■ Given data
*** Block opens ***
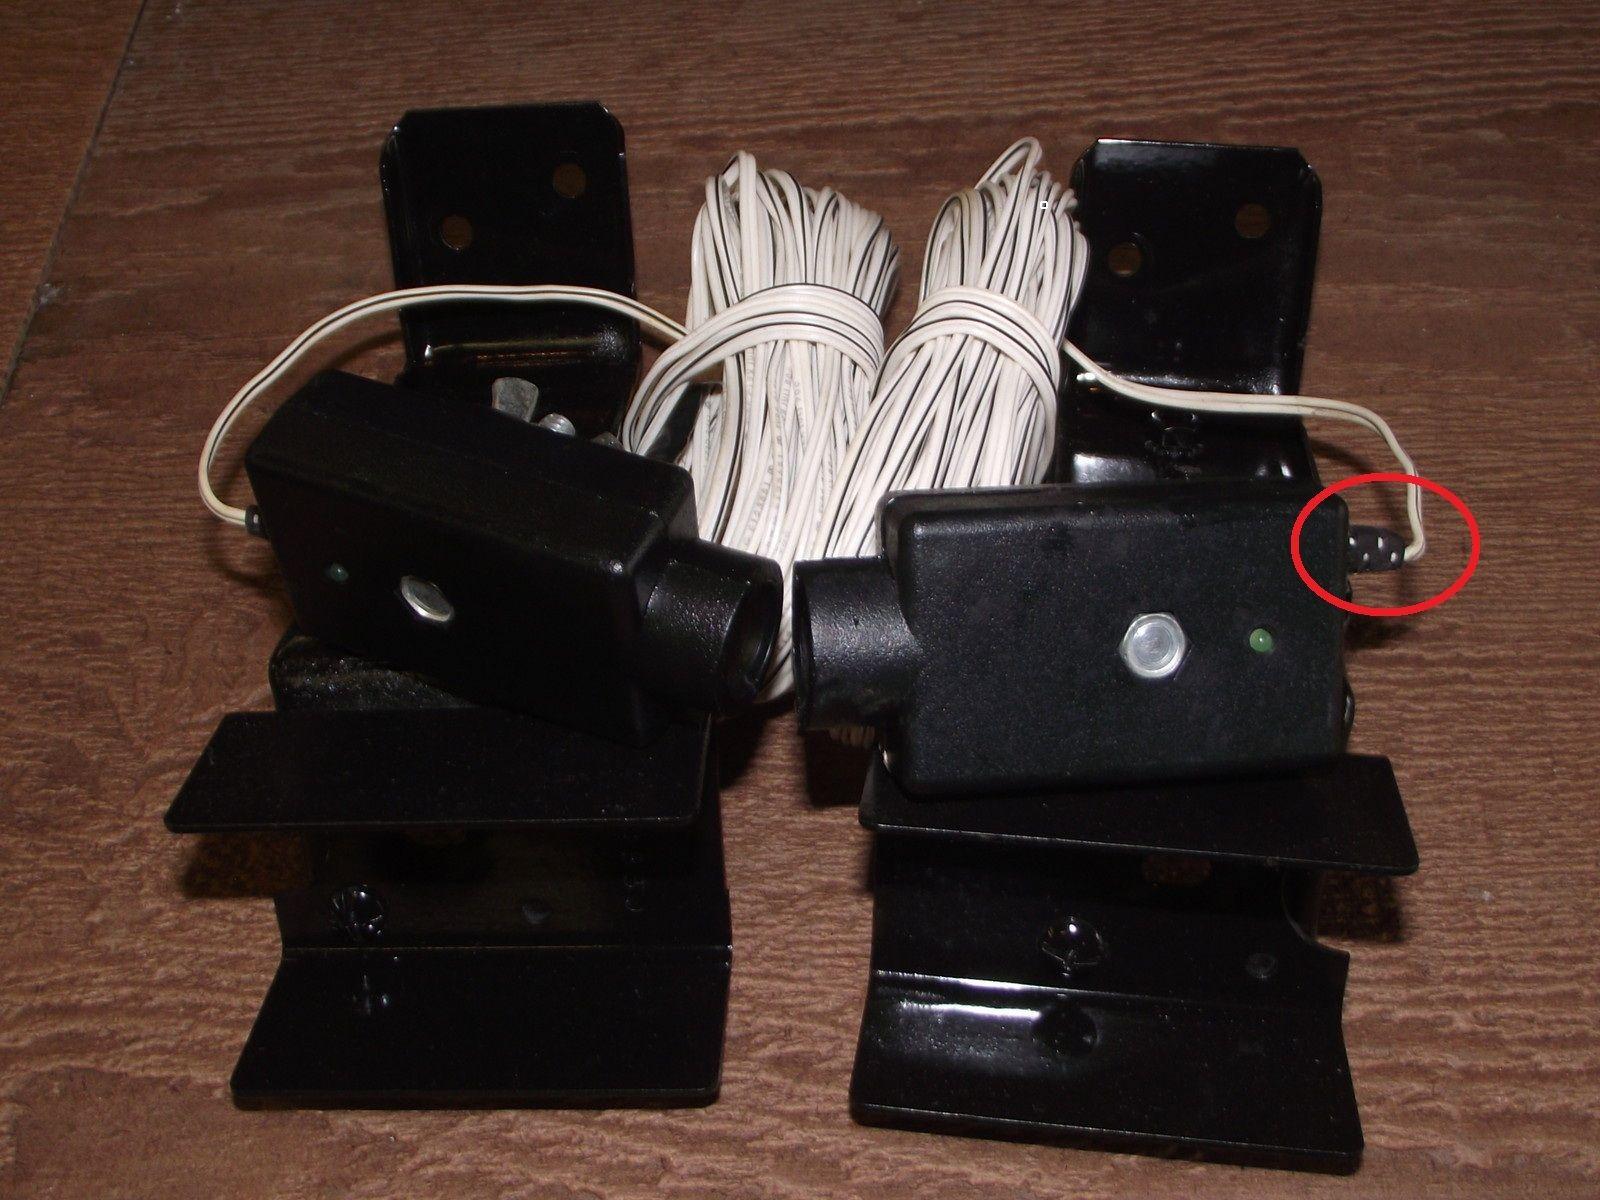 genie garage door opener photo eye safety sensors http voteno123 [ 1600 x 1200 Pixel ]
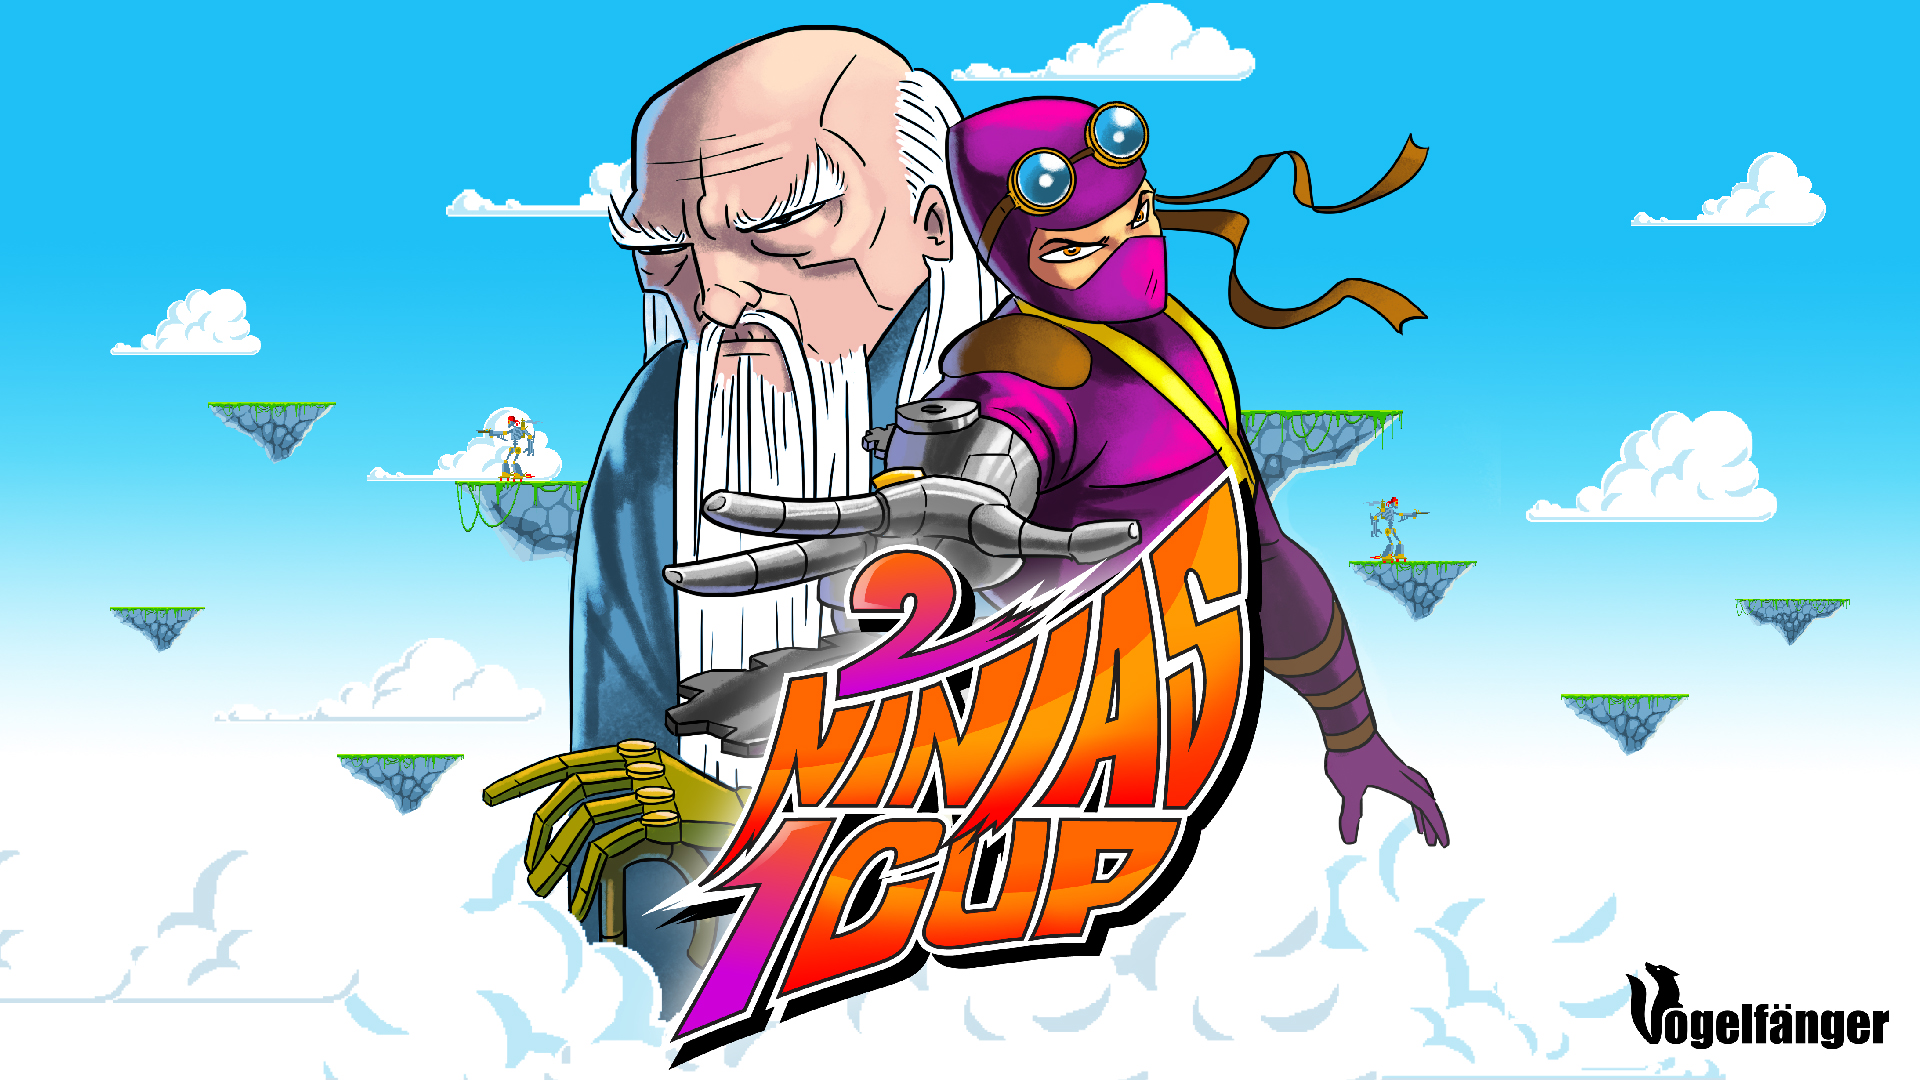 2 Ninjas 1 Cup
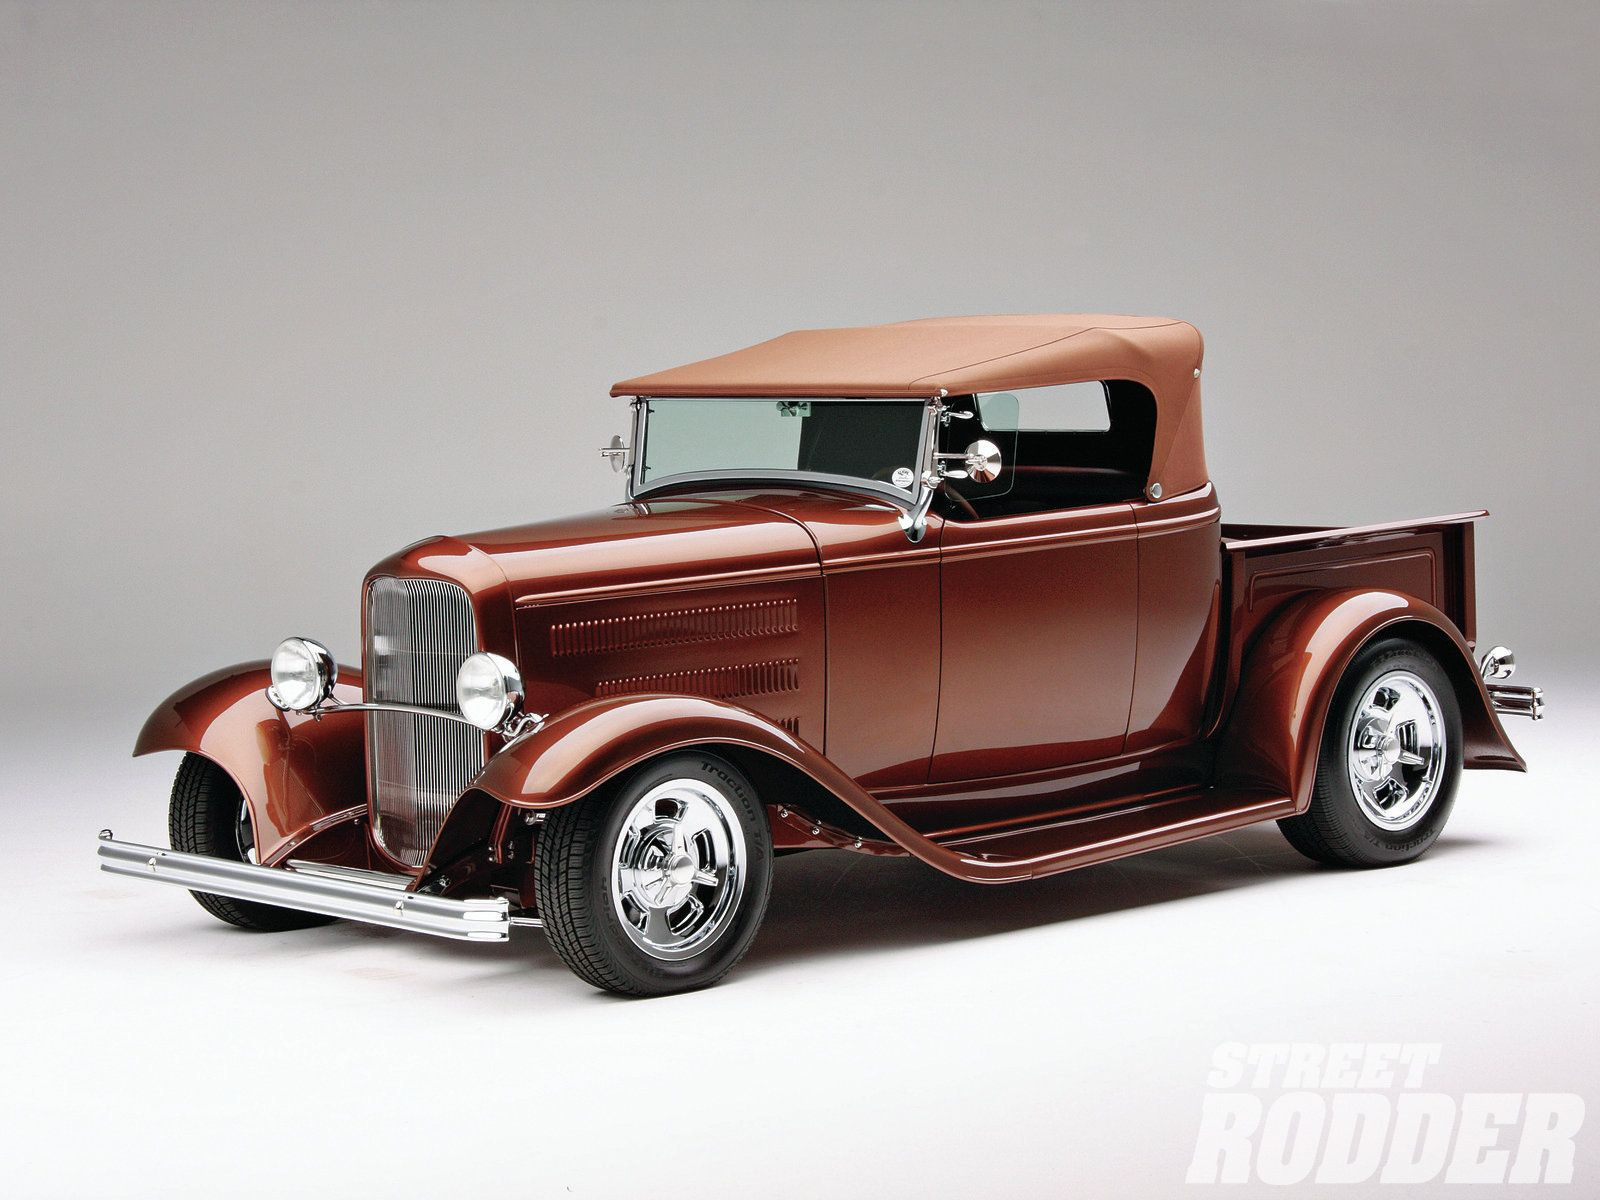 1934 Ford Roadster Pickup Trucks Maintenance/restoration of old ...
*** Block closes ***
■ Requirement
Would you return the whole listing above exactly as written, skipping any image?

■ Reply
 genie garage door opener photo eye safety sensors http voteno123 [ 1600 x 1200 Pixel ]
 2 Ninjas 1 Cup
 1934 Ford Roadster Pickup Trucks Maintenance/restoration of old ...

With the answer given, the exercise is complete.